■ Data extract:
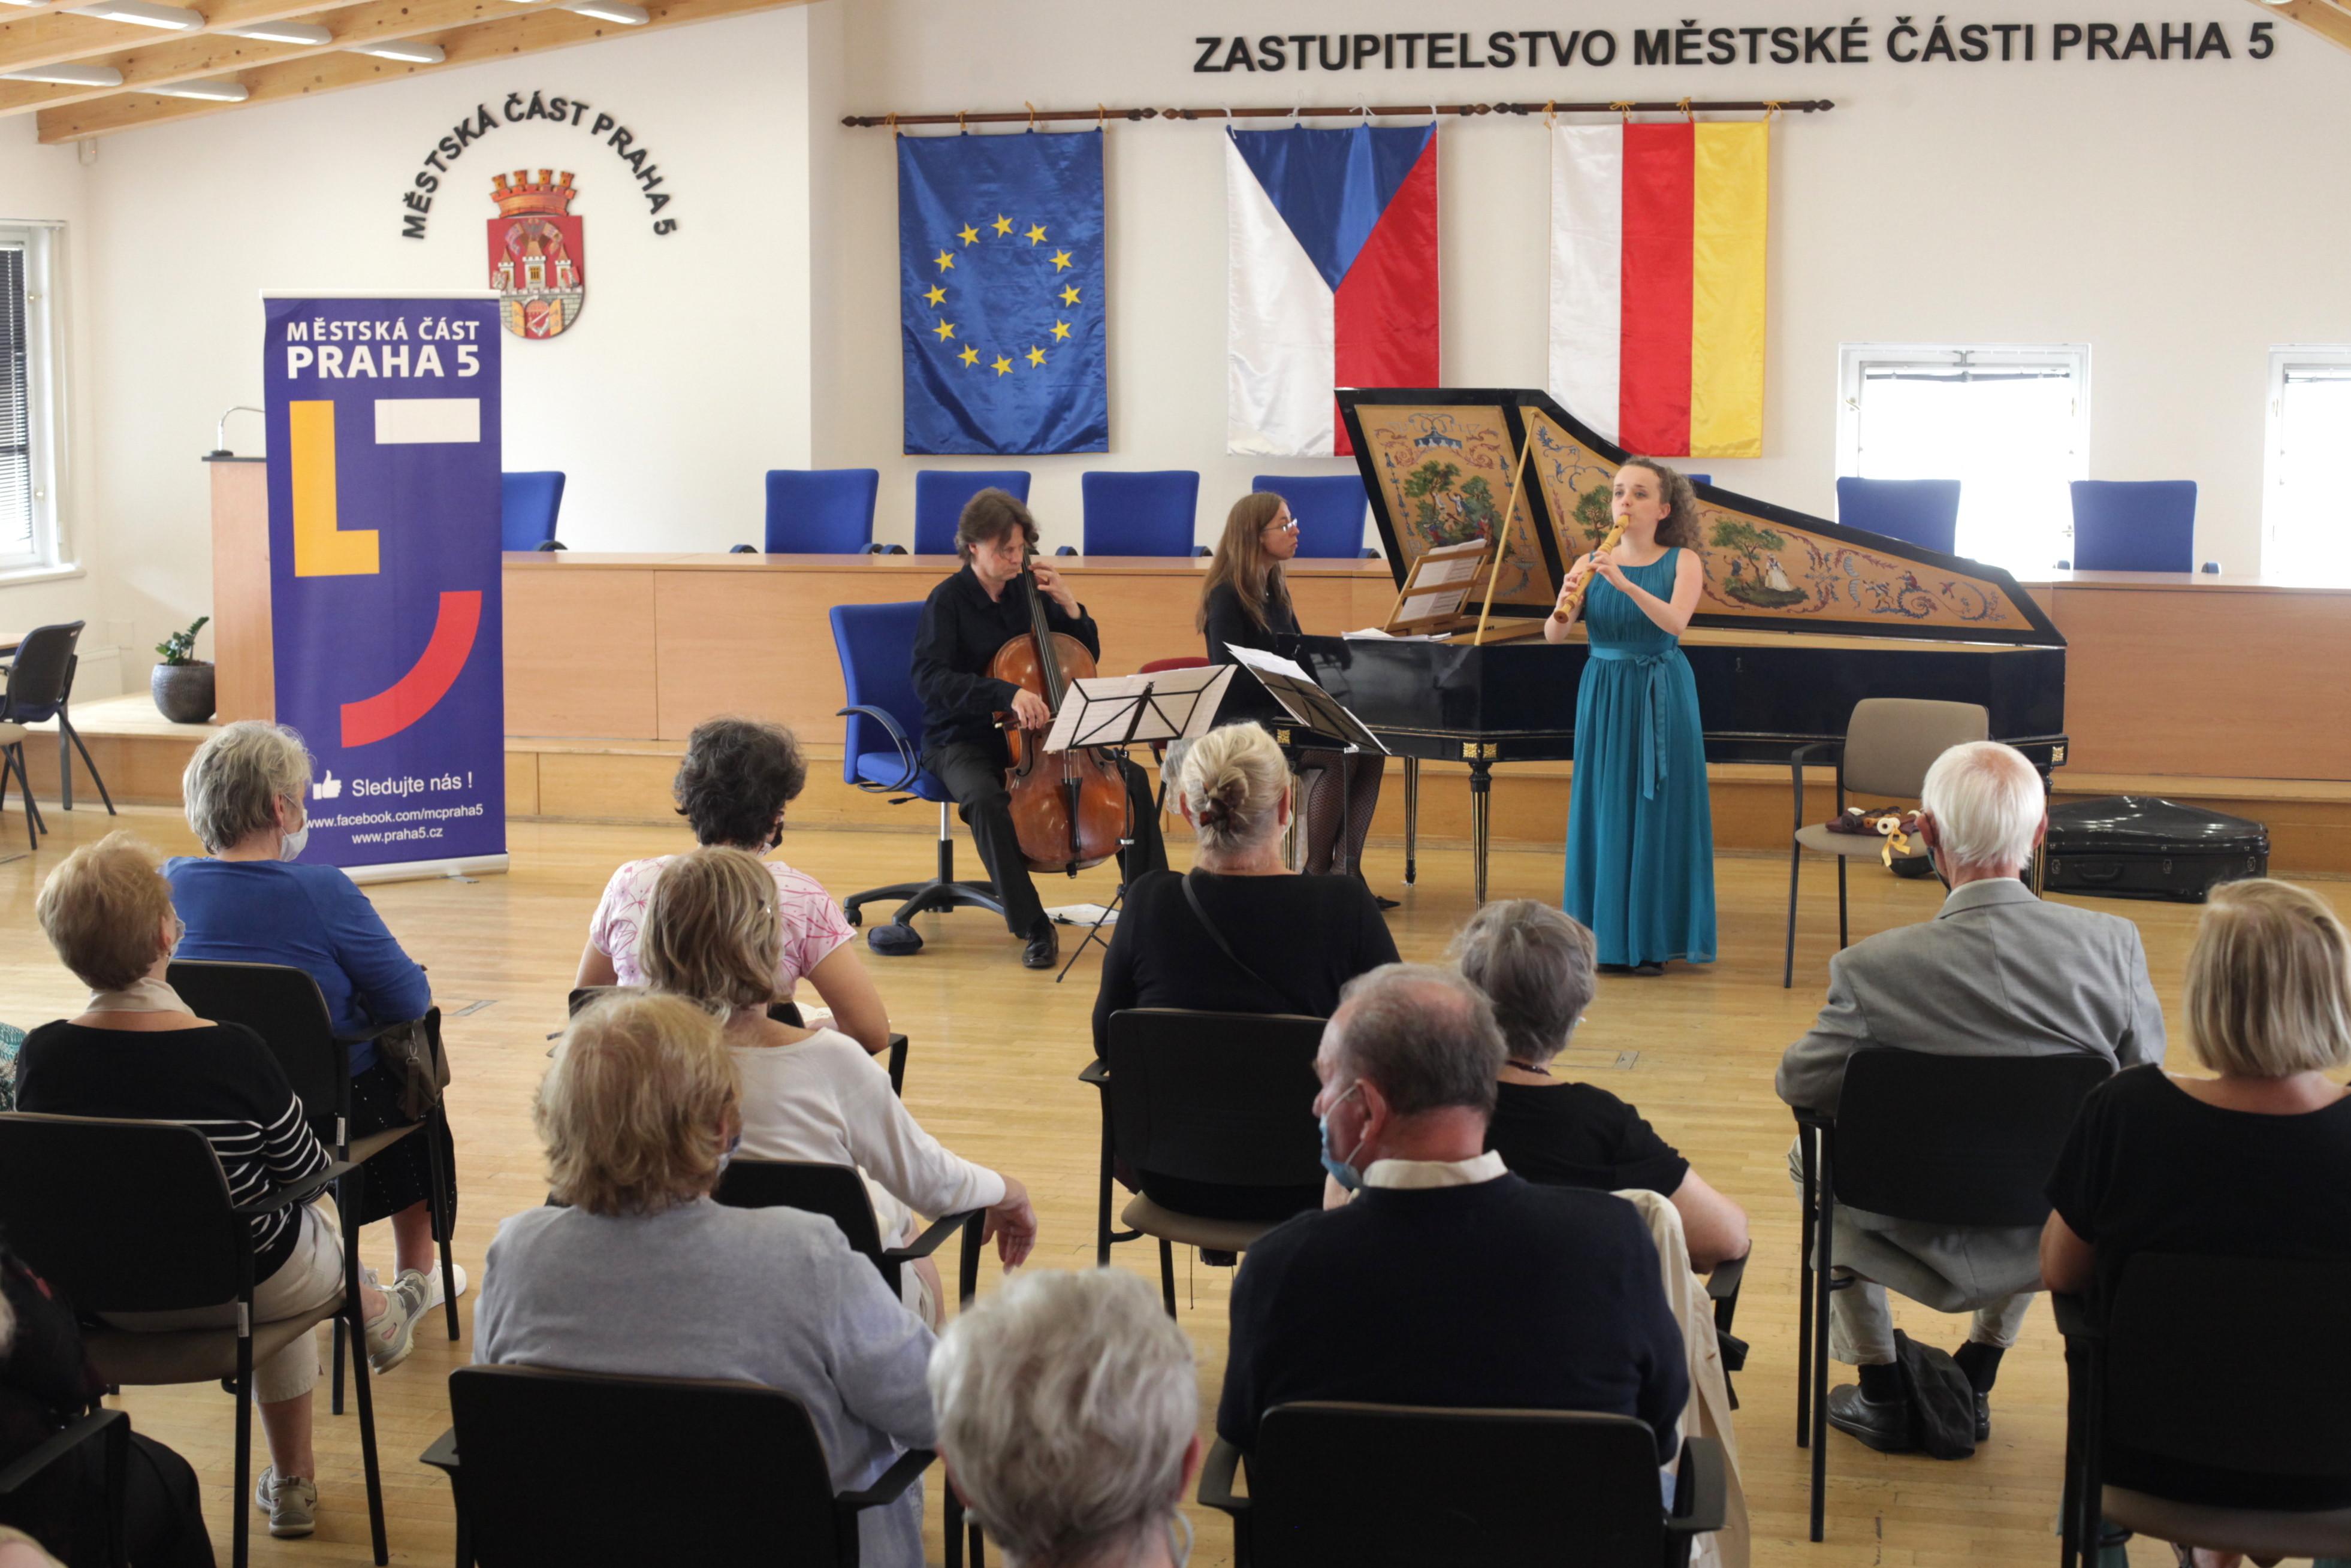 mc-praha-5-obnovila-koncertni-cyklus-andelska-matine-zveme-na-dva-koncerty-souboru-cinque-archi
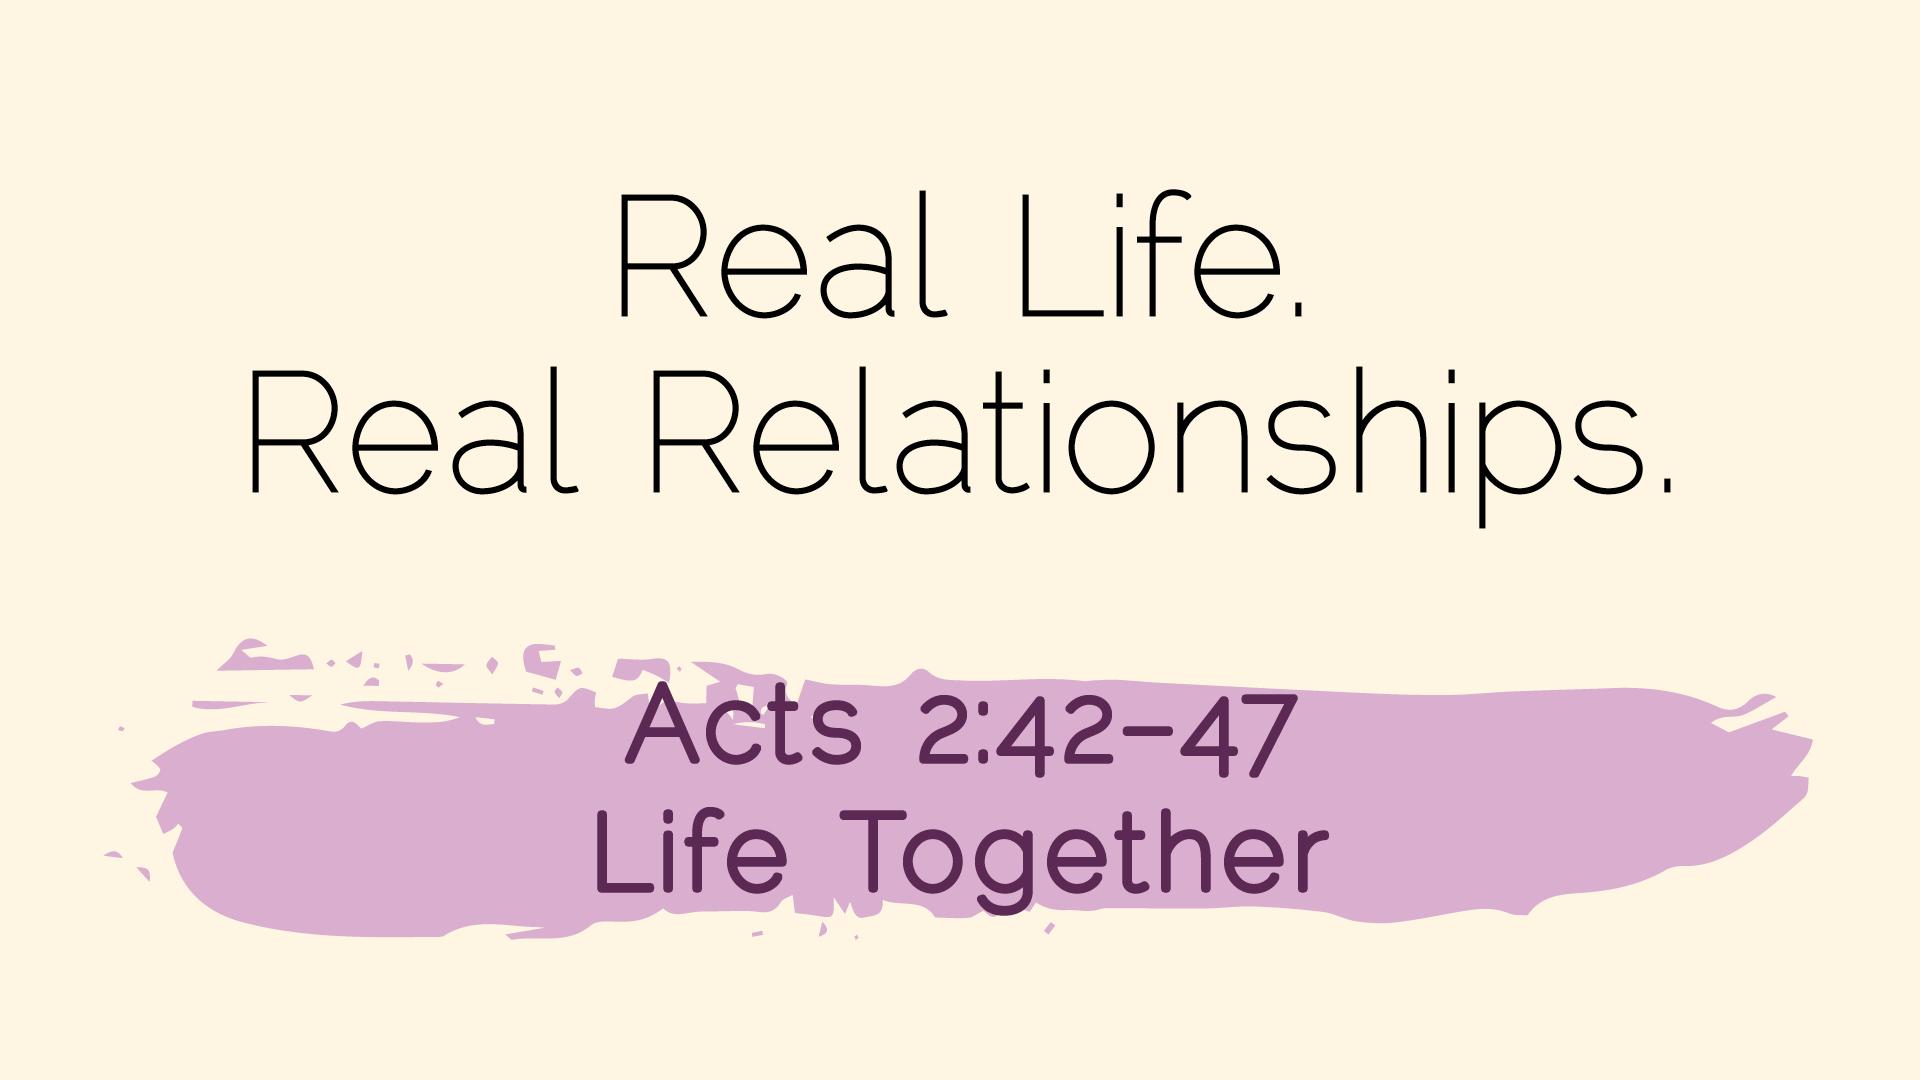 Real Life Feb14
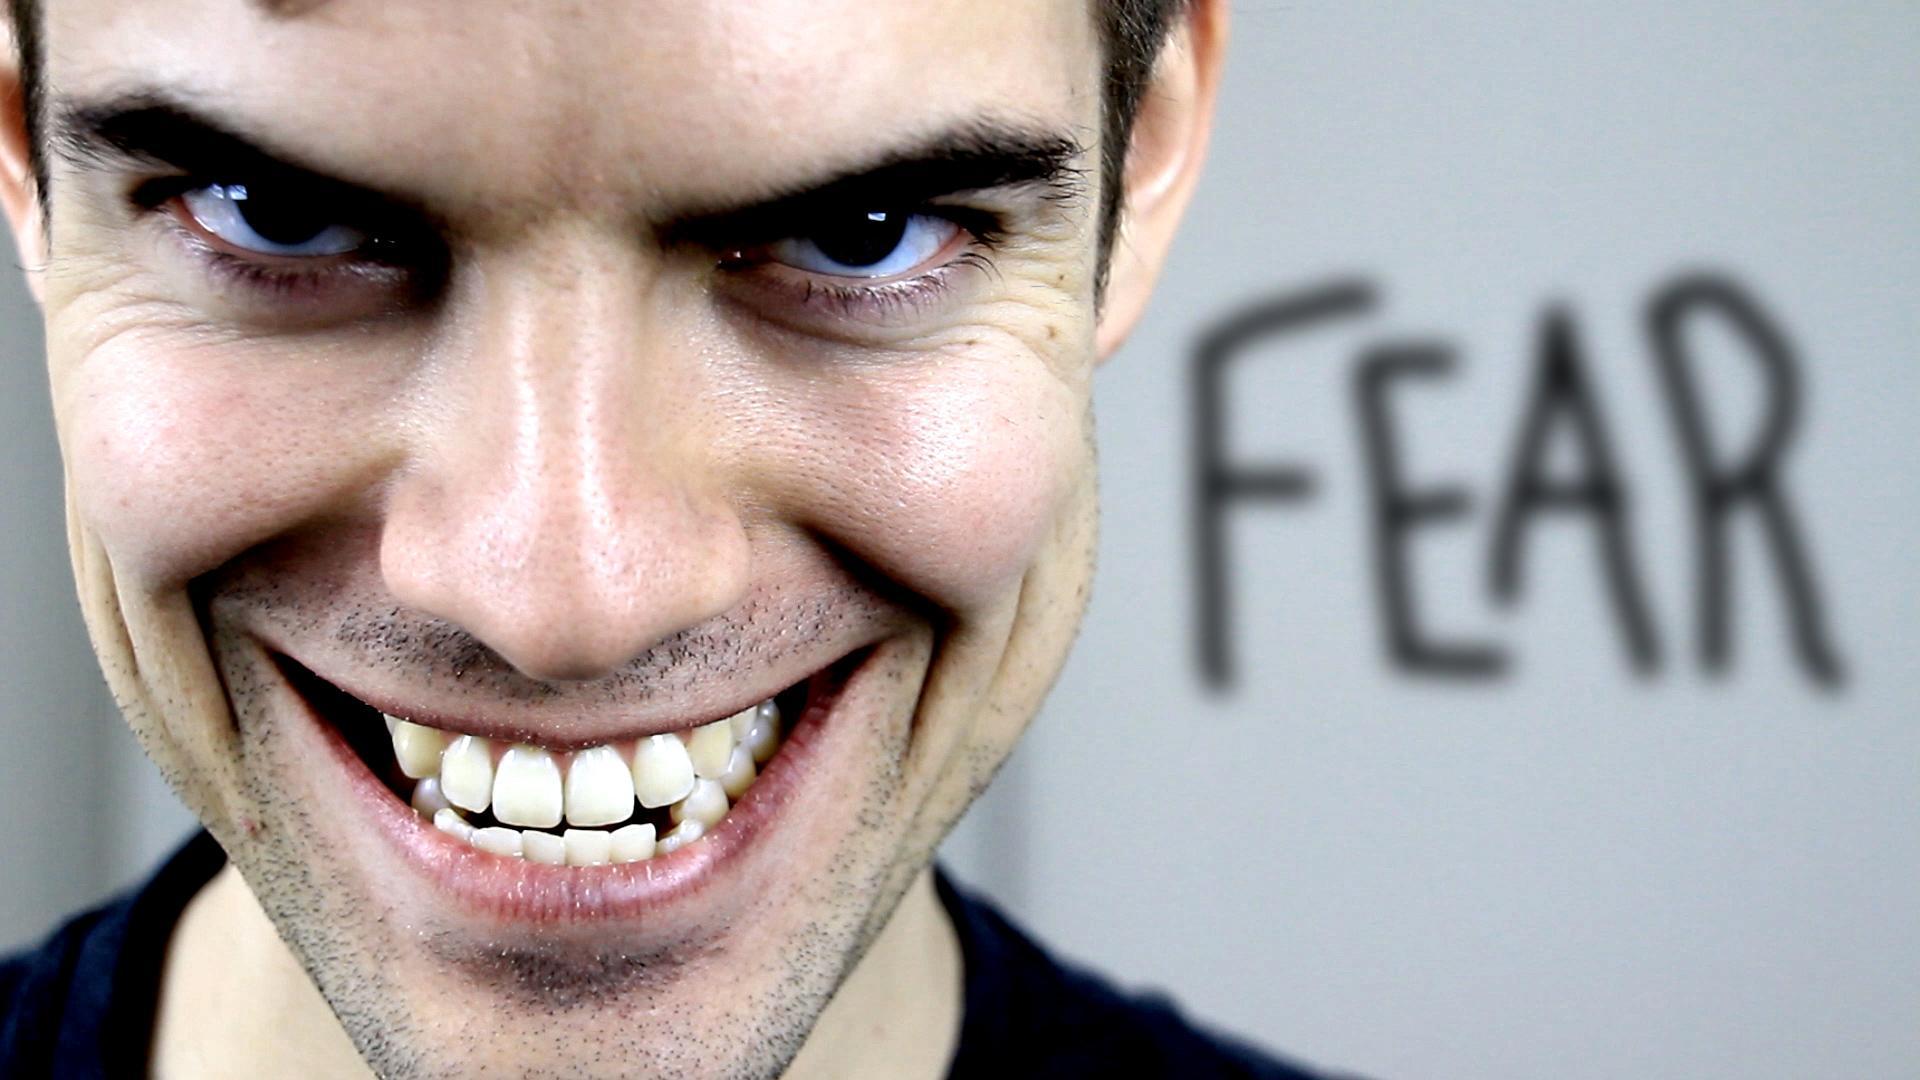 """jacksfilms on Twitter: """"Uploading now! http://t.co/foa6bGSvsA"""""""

■ Problem:
Line by line, output the material above exactly, passing over the pictures.

■ Your solution:
 mc-praha-5-obnovila-koncertni-cyklus-andelska-matine-zveme-na-dva-koncerty-souboru-cinque-archi
 Real Life Feb14
 """jacksfilms on Twitter: """"Uploading now! http://t.co/foa6bGSvsA"""""""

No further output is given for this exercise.